The launch, courtesy of Roscosmos subsidiary ‘Sistemy Precizionnogo Priborostroeniya’, has been scheduled for October 2018. The company specializes in multi-layer ultra-high-precision lenses – the approach it used for the creation of the two glass spheres.
Only two countries besides Russia today are technologically capable of producing the satellites – the United States and France.
Three spherical satellites have been produced, with two planned for orbital launch, and another one to be mounted on the ground as a relay.
When in orbit, the glass satellites will resemble targets at a shooting range, and used to measure distances by way of Earth-based lasers, numbering 40 so far across the globe.

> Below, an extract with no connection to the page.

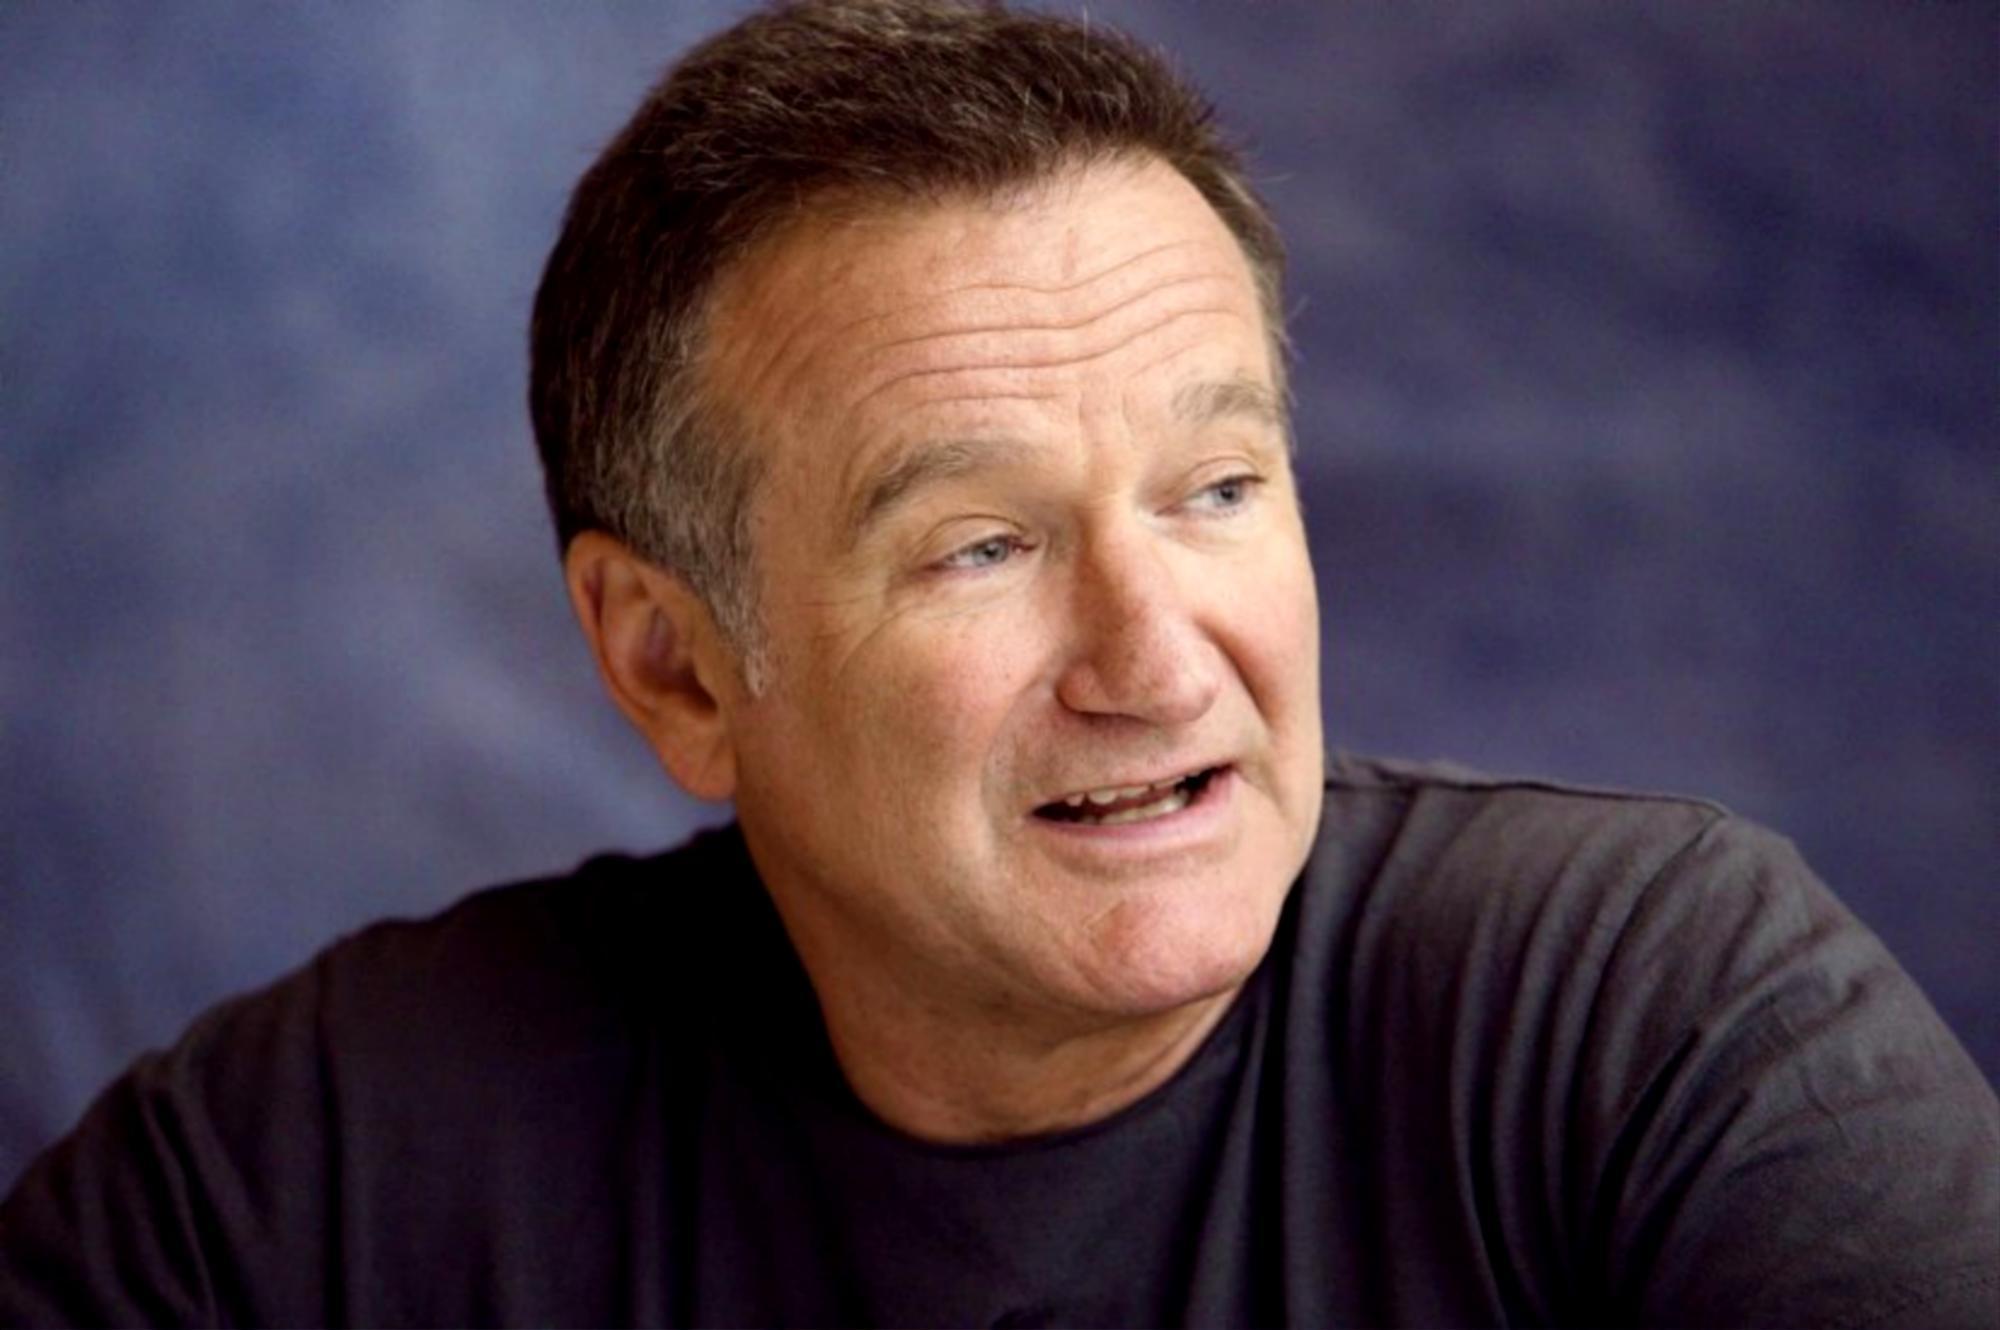 Robin-Williams.jpg
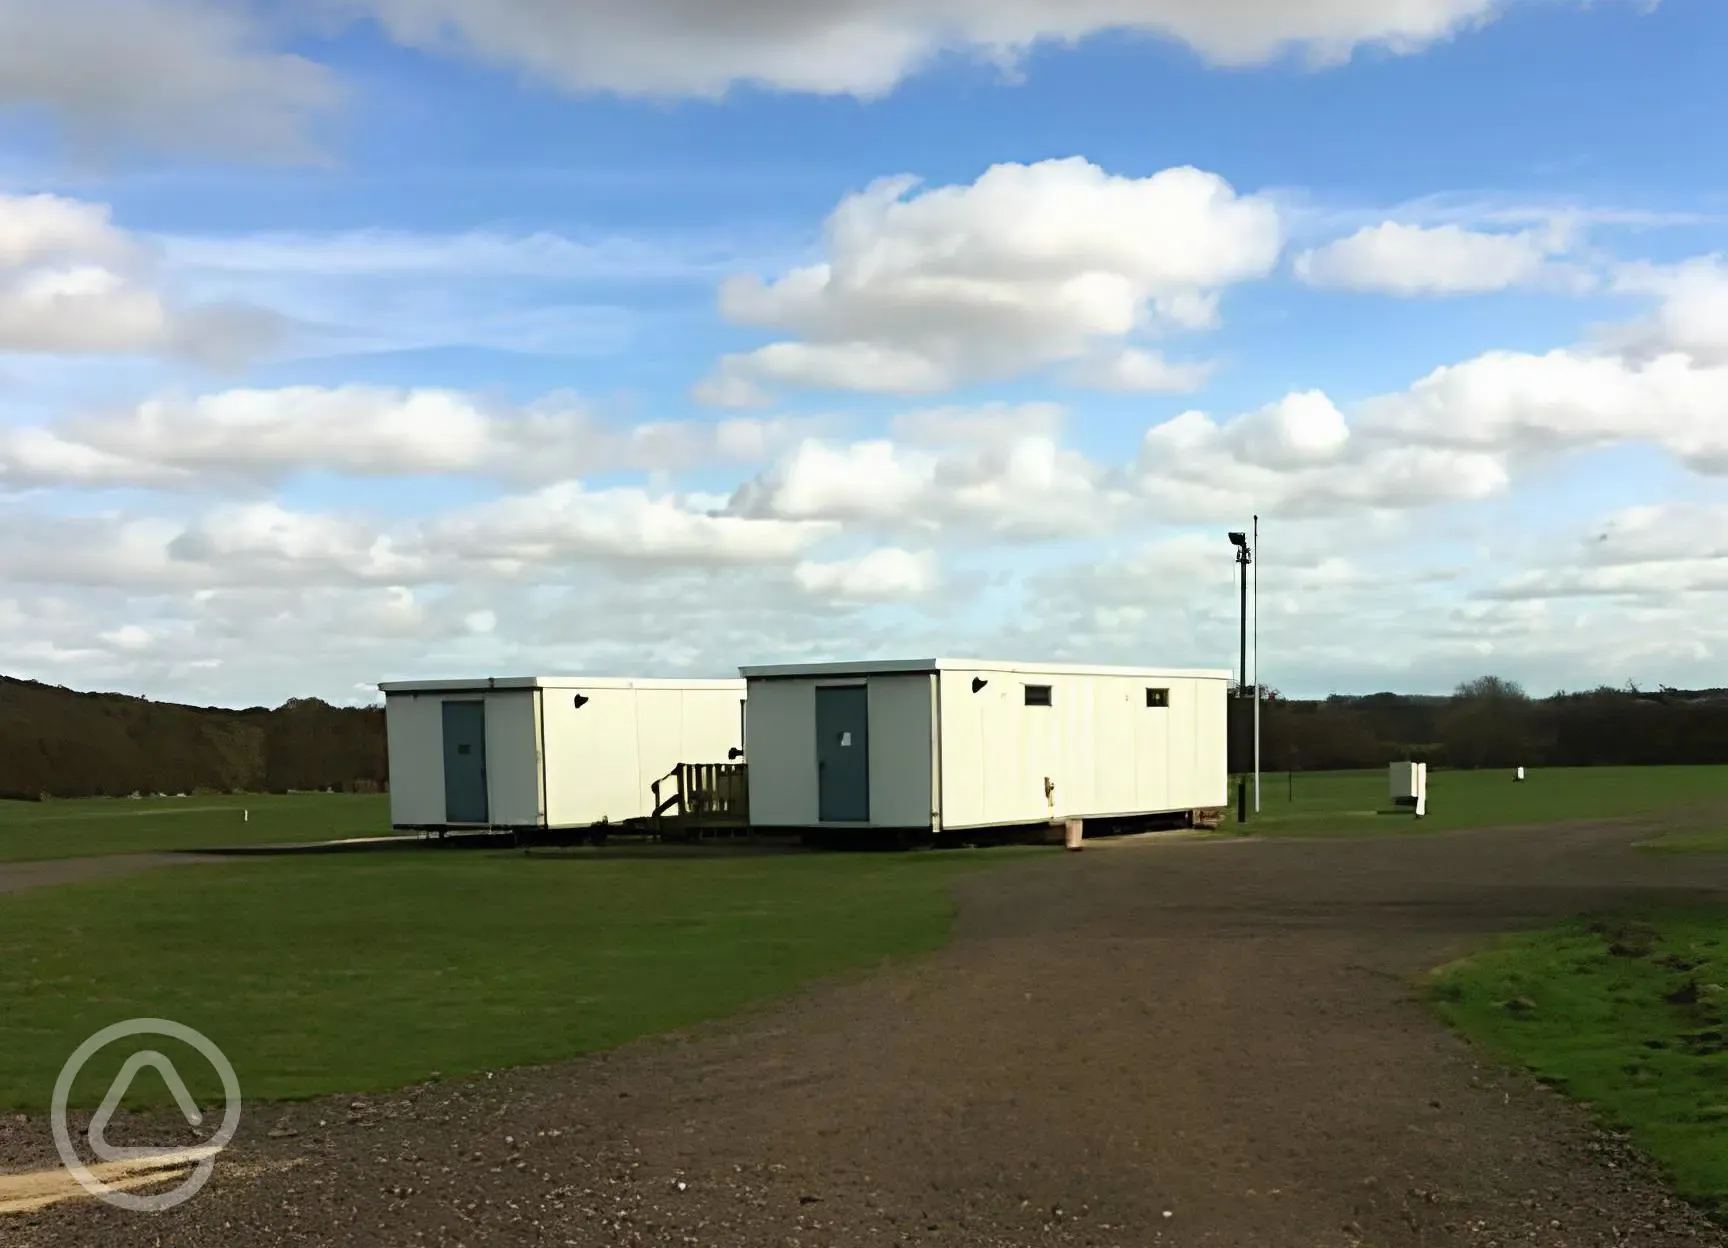 Touring facilities

Unlike older systems, such as the American LAGEOS, the new Russian-made spheres will be accurate to the tenth of a millimeter – a record achievement, given that the other systems are off by about a 1000 times that number, Izvestia was told by SPP Director, Yury Roy.
The need for such high-precision lens-based satellites is obvious – they cover a whole range of uses, not only in measuring the Earth’s gravitational field, but also increasing GLONASS precision, even measuring tectonic plate movements under our feet.
BLITS satelliteNPK SPP
The first ever satellite comprised entirely of glass has been launched in 2009, and dubbed BLITS – or Ball of the Lens In The Space. It hovered about 800km above us before crashing in 2013 after colliding with space debris from another satellite. The new glass spheres will double this orbit. At about 1,500km the Earth’s gravitational pull stops having any effect, and the scientists are planning on using this fact to emerge at better geophysical and geodesic measurements.